Monday of the Third Week of Lent
(II Kings 5:1-15ab; Luke 4:24-30)
The number of Christians in Palestine today is dwindling. Restricted by Israeli preoccupation with security and Muslim radicalism, native Christians of Israel are emigrating to places where they can live in peace. Theirs is the fate that Jesus experiences in the gospel today.
It is curious that Jesus speaks of rejection on the part of his townspeople. He has just inaugurated his ministry with a reading from Isaiah to which the citizenry of Nazareth responds favorably. Then the people start questioning, “Isn’t this the son of Joseph?” as if they mean to deny any authorization of Jesus from on high. Next Jesus exposes their refusal to believe in him, and they in turn run him out of town.
We must take care not to do the same thing. How can this happen? The attempt to find the “historical Jesus” through scholarship has led to skepticism about his divine origin.

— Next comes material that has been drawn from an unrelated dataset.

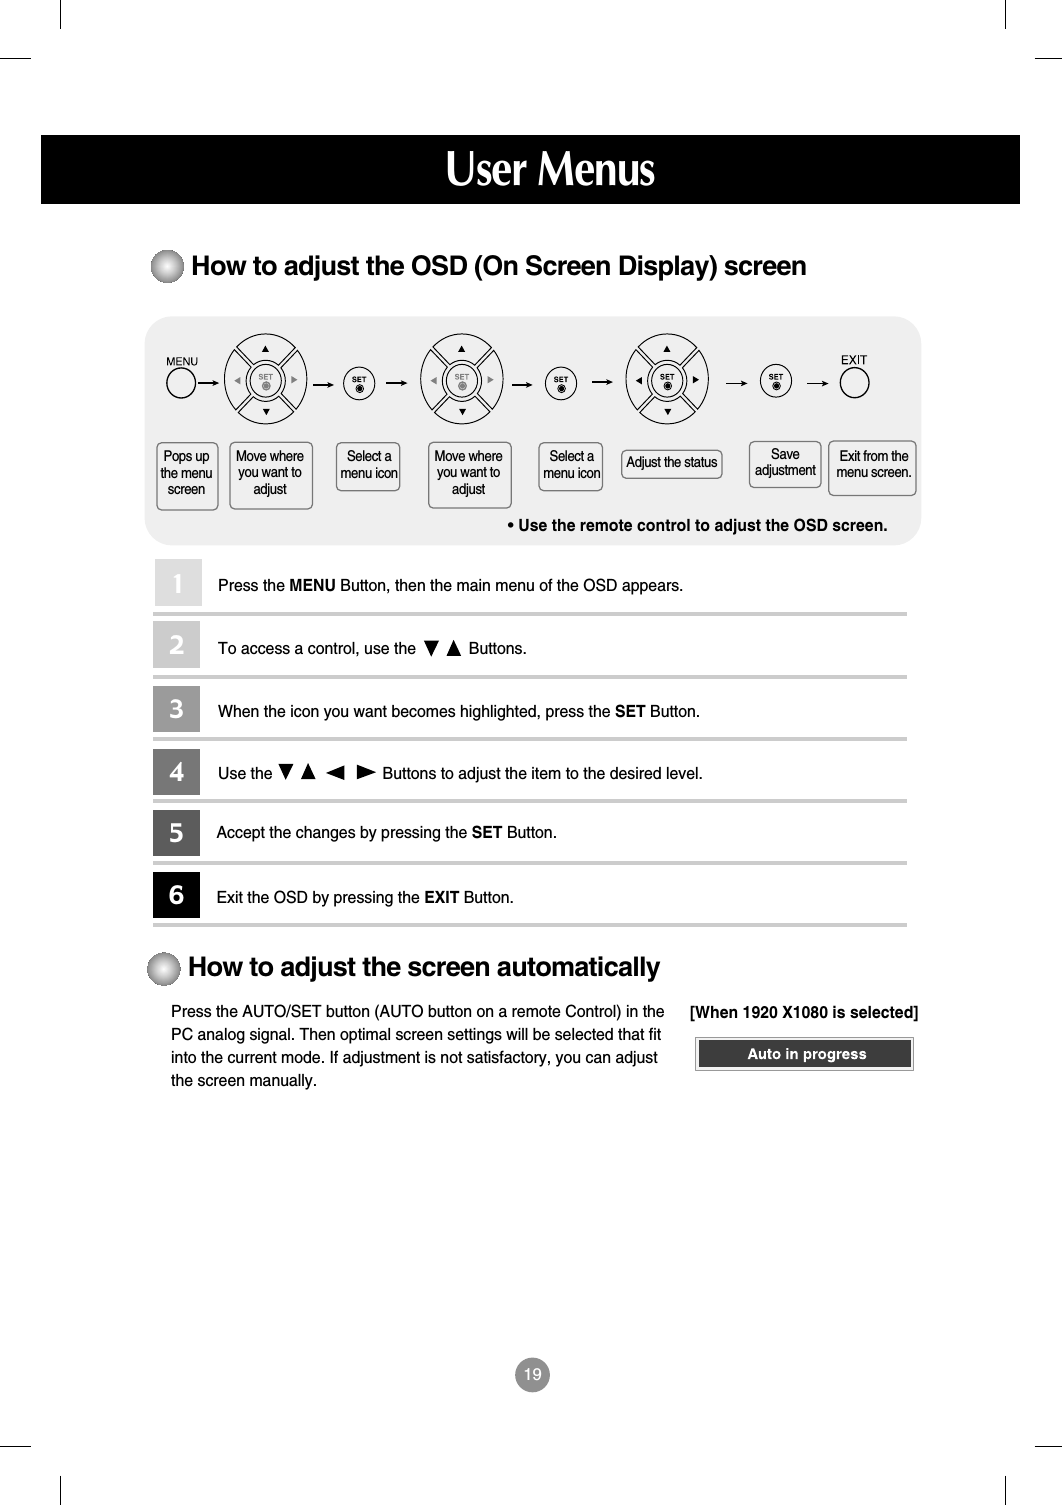 19How to adjust the OSD (On Screen Display) screen•Use the remote control to adjust the OSD screen.How to adjust the screen automaticallyPress the AUTO/SET button (AUTO button on a remote Control) in thePC analog signal. Then optimal screen settings will be selected that fitinto the current mode. If adjustment is not satisfactory, you can adjustthe screen manually.Press the MENU Button, then the main menu of the OSD appears.To access a control, use the            Buttons. When the icon you want becomes highlighted, press the SET Button.Use the                         Buttons to adjust the item to the desired level.Accept the changes by pressing the SET Button.Exit the OSD by pressing the EXIT Button.123456Pops upthe menuscreenMove whereyou want toadjustMove whereyou want toadjustSelect amenu iconSelect amenu icon Adjust the status Saveadjustment Exit from themenu screen.User Menus[When 1920 X1080 is selected]

Certainly biblical scholarship has contributed abundantly toward real faith. But we have to remember that the original authors recognized Jesus’ uniqueness. They had a vantage point because of their proximity to Jesus’ life and possibly their association with Jesus’ disciples which scholars today for all there eruditeness cannot approach. It is their faith in Jesus as Lord that has been handed down to us.